Bev Craig said, “Manchester’s ability to deliver has never been in doubt. When we talk about the exciting things that happen in our city, when we talk about prosperity, we need to talk about the purpose of prosperity. When we celebrate our successes, we also have to be honest about our challenges. In that population of 600 thousand people, we still have some work to do to make sure that everyone can benefit from the success of our city and that everyone thrives.
“What does the next 10 years look like? When I think about the level of growth in Manchester, one of the most exciting things is there’s at least another 10 – 15 years to grow at the scale we’re doing. With that, there should be excitement and pride. Manchester has not lost its energy, its buzz, its excitement. Hopefully, this strategy will outline where we’re going.
“If we want Greater Manchester to do well. If we want the Northwest of England to do well. If we want the North of England to do well, and if we want the UK to do well, we need cities like Manchester to do well. If we don’t think about the roles cities play in economic growth and driving prosperity, we run the risk of making the same mistakes of the past.”
The launch event for Manchester’s new Economic Strategy featured a keynote speech by Bev Craig and two panel sessions.
The first, chaired by Martyn Evans Creative Director of U&I was all about the role of business and the private sector in Manchester, and how the city enables these businesses to thrive. Joining the panel was Andrea Nelson, Director of SENSE SEND Services, Andrew McIntosh, Director of Place at Greater Manchester Combined Authority, Becca Heron, Strategic Director of Growth and Development at Manchester City Council, Gavin Taylor Managing Director of Far East Consortium and Rochard Jones Vice-President for Regional Innovation and Civic Engagement at The University of Manchester.
The panel discussed how growth can be more inclusive and how to drive investment into the places that need it most, as well as Greater Manchester’s devolution deal, commitment to building an attractive ecosystem for businesses and the importance of the region’s clear vision and strategy.
The second panel, chaired by Bev Craig, was all about the power of partnerships in supporting growth across the city centre.
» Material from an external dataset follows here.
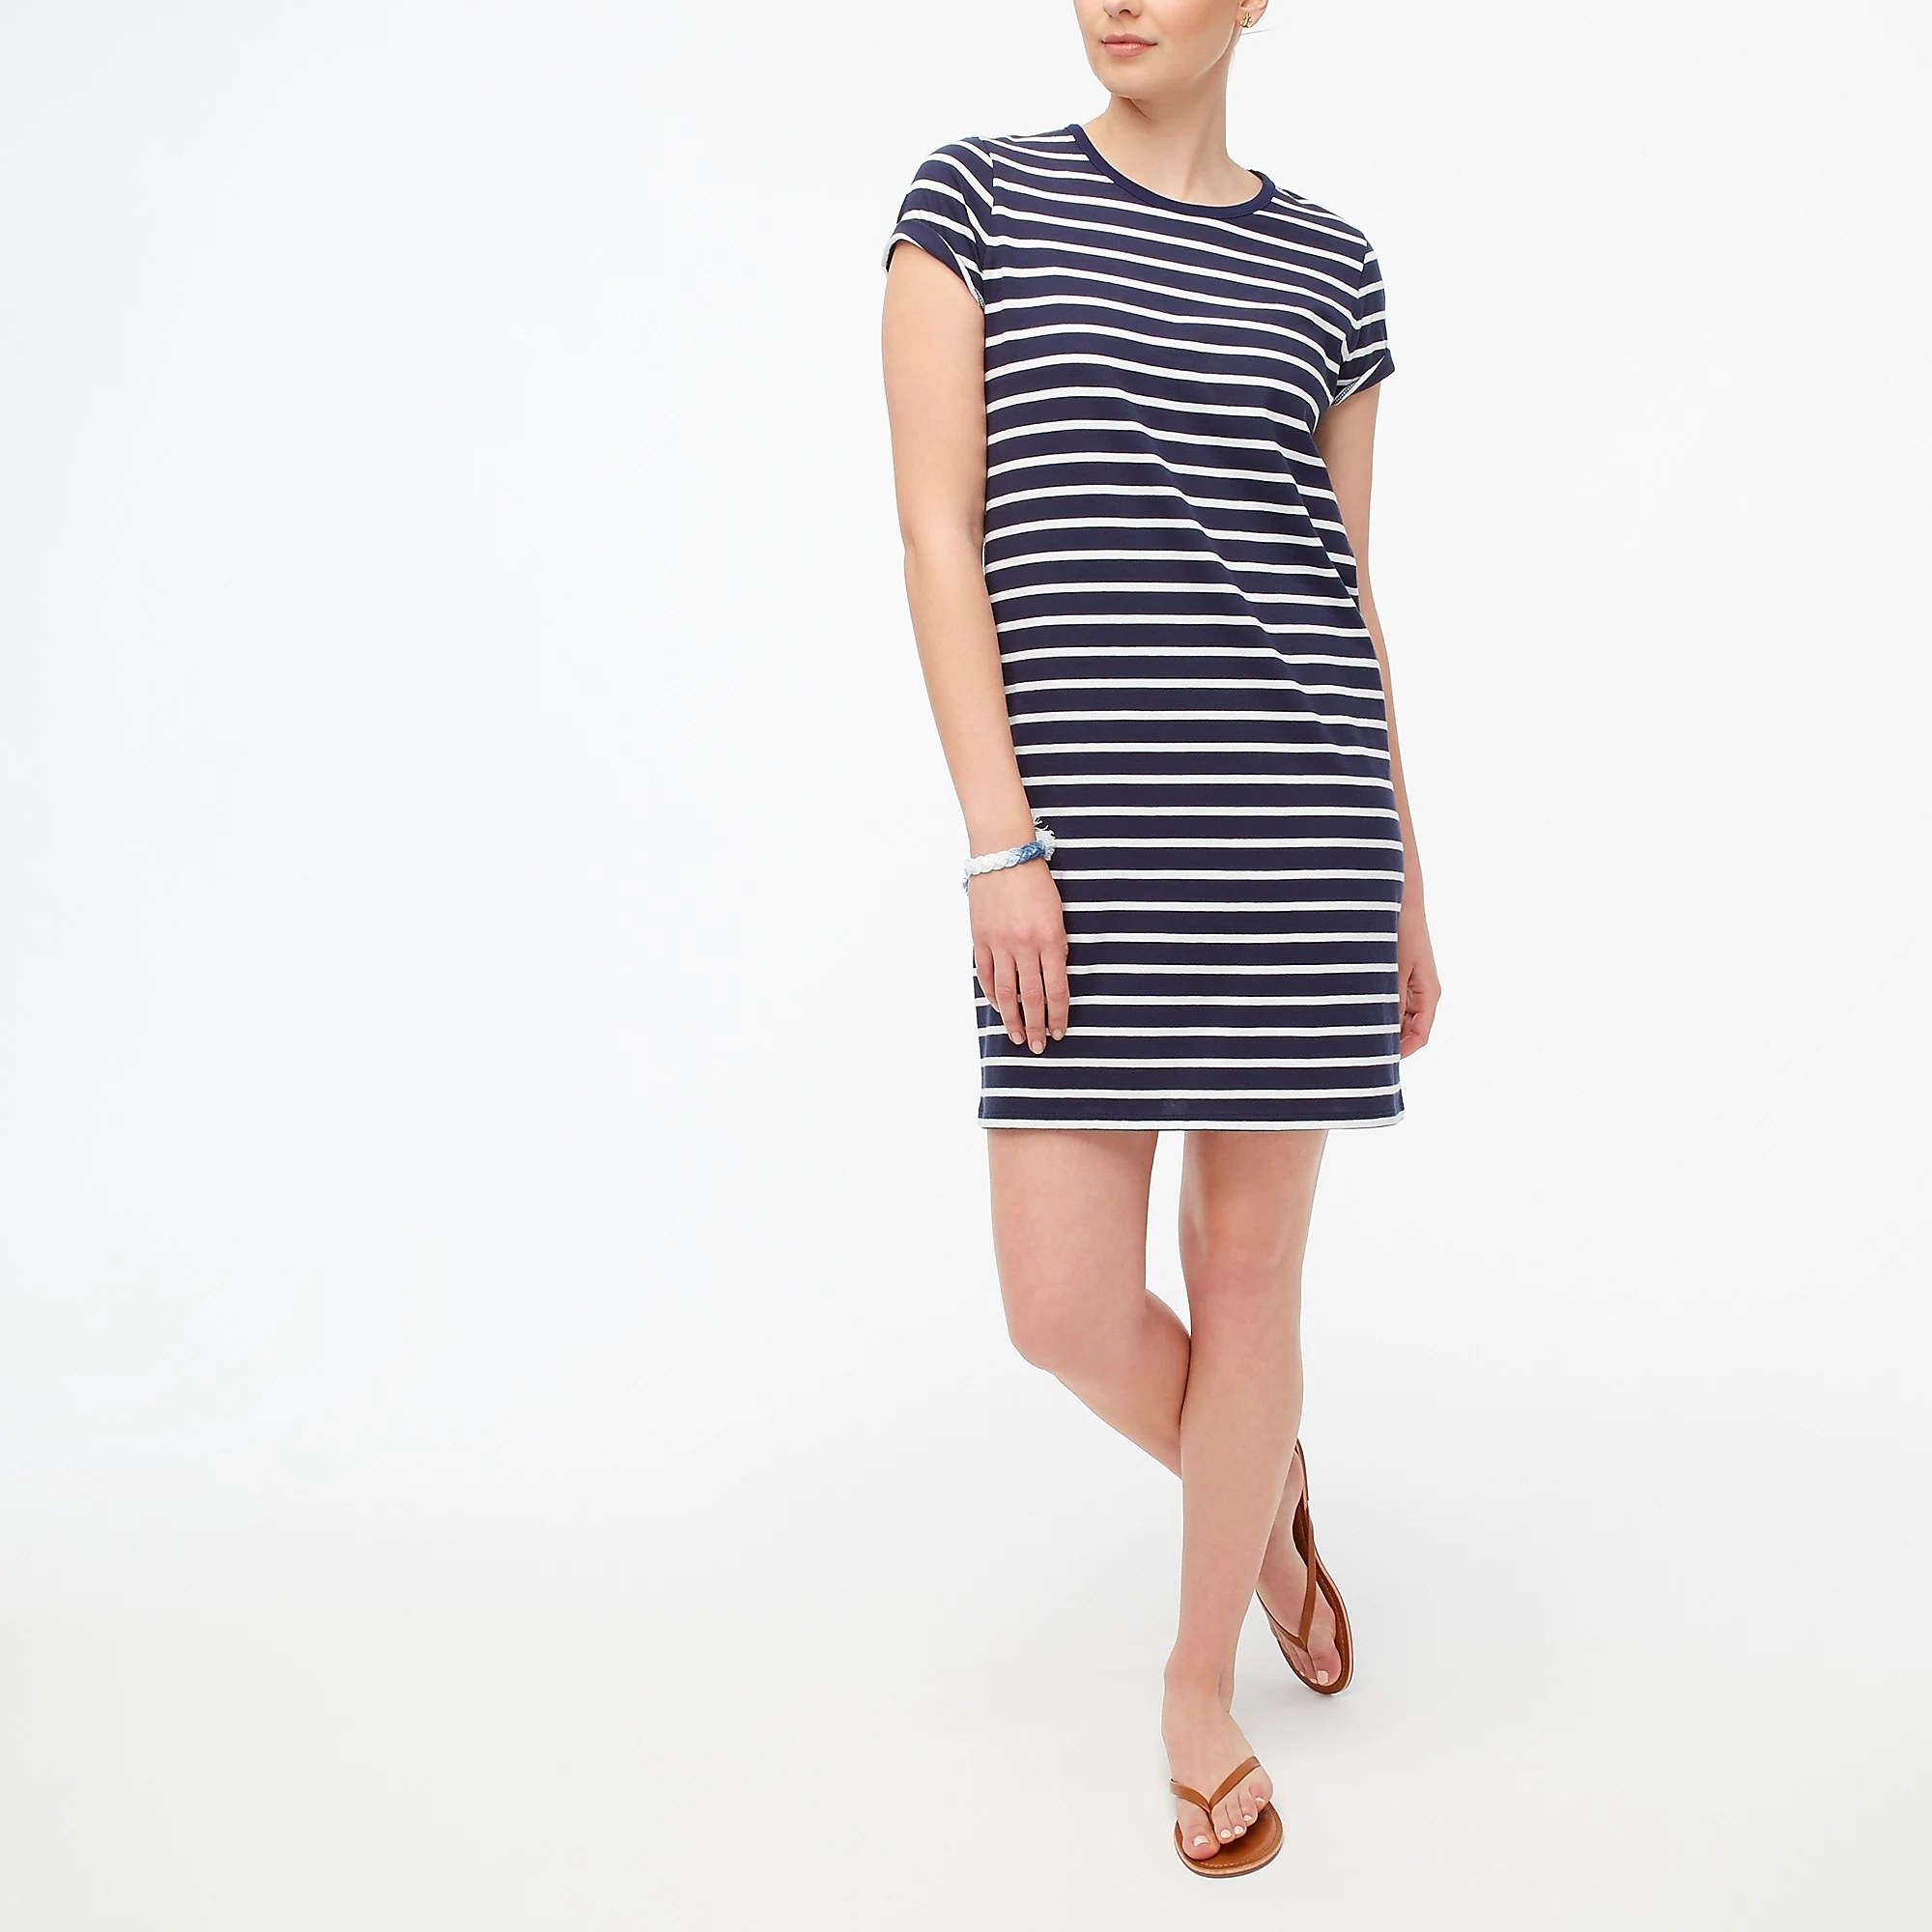 A model wearing the navy and white striped dress

Joining the panel was Chris Oglesby Chief Executive of Bruntwood and Chair of the Business Sounding Board, Rob Jones, Director of KPMG and member of Our Manchester Business Forum and Steven Cochrane, Partnerships Director at the Oxford Road Corridor Partnership.
The panel discussed skills, innovation and how to maximise talent at every level as well as Manchester’s longstanding culture of collaboration.
As Rob Jones said, “Currently there’s a lot of things that aren’t coherent in the world, but a lot of things make sense in this city at the moment.”